A pair of tiny probes slated to make space history at Mars' icy south pole next month have been named after the first explorers to reach our own planet's southern extreme.
Paul Withers, a University of Arizona graduate student who studies Mars' thin atmosphere, won the contest for suggesting the names Amundsen and Scott for NASA's Deep Space 2 mission, a submission bolstered by an essay he wrote.
"A century ago, Antarctica was the Earth's only unexplored continent," Withers wrote. "Then expeditions led by Amundsen and Scott landed there, striving to discover its secrets, seeking knowledge and finding a land of stark beauty.

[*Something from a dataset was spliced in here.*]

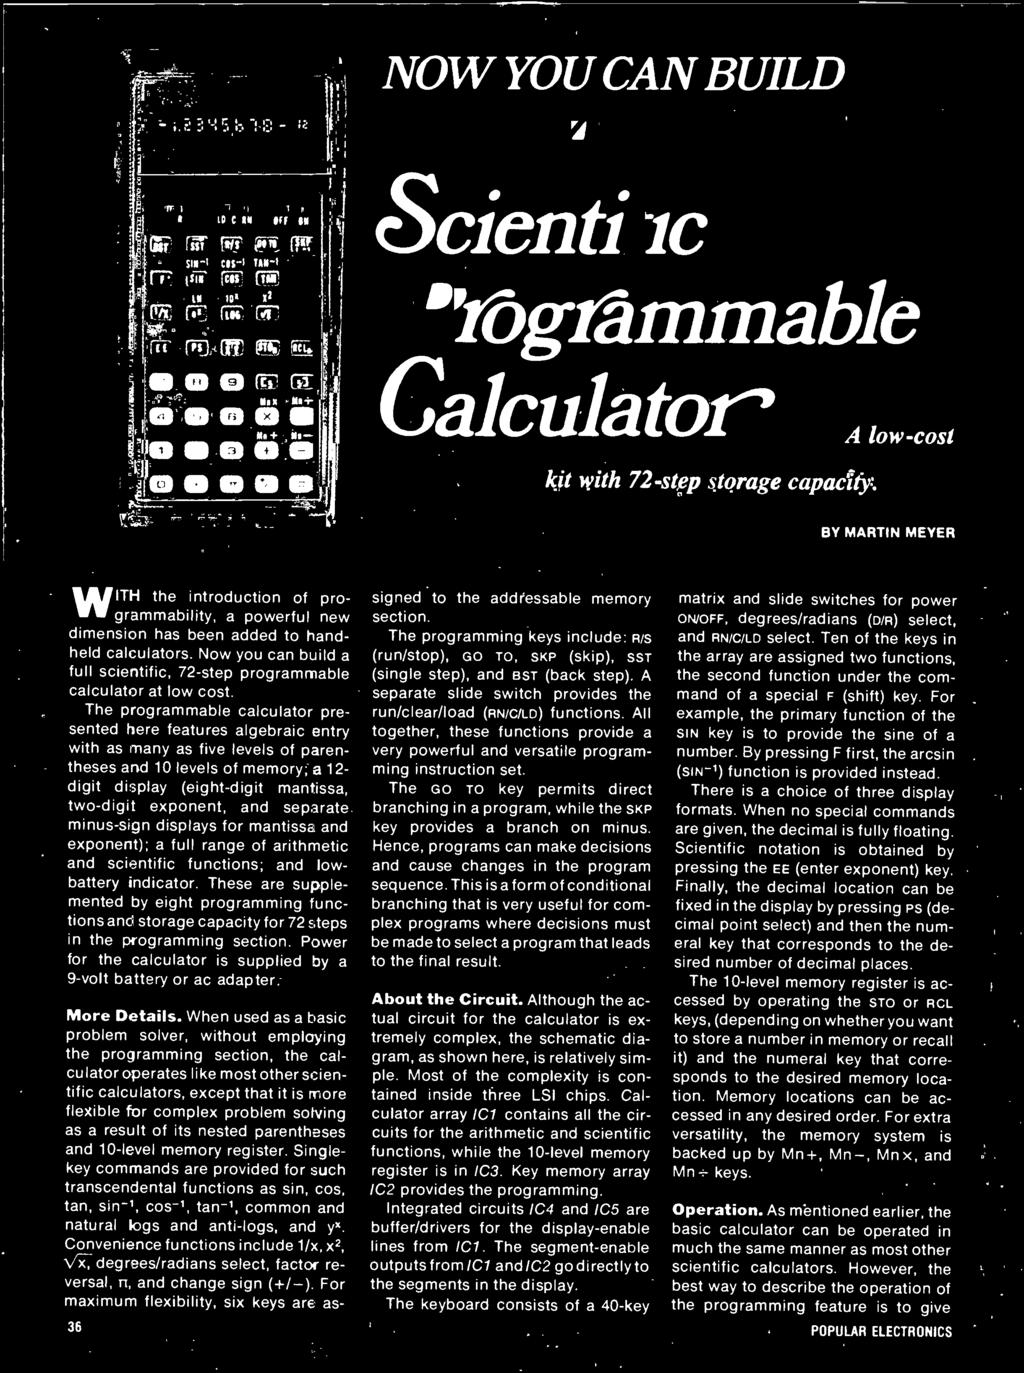 Now you can build a full scientific, 72 -step programmable calculator at low cost. The programmable calculator presented here features algebraic entry with as many as five levels of parentheses.

Scott perished in Antarctica. His memorial's inscription reads: 'To strive, to seek, to find, not to yield.' These are aims of the Deep Space 2."
The microprobes are slated for a risky, brief search for water ice at Mars' south pole, where they will crash land at nearly 400 mph on December 3 after being released from an 11-month piggyback ride aboard the Mars Polar Lander. The lander is also set to land on Mars that day, albeit softly.
The grapefruit-sized probes are designed to plunge to a depth of three feet beneath the surface. They carry tiny shovels to scoop some polar ice, which the devices can "cook" and analyze for the presence of water. The data will be radioed to Earth.
Withers' submission was among 17,000 received by NASA.
Norwegian Roald Amundsen explored the Northwest Passage before leading the first successful expedition to the South Pole, reaching it on December 14, 1911.
Robert Falcon Scott led an English team to the South Pole in January 1912, only to discover the national flag left during Amundsen's earlier arrival.
Although blizzards and starvation claimed Scott and his entire team on their return trip, a search party later found scientifically valuable diaries and notebooks.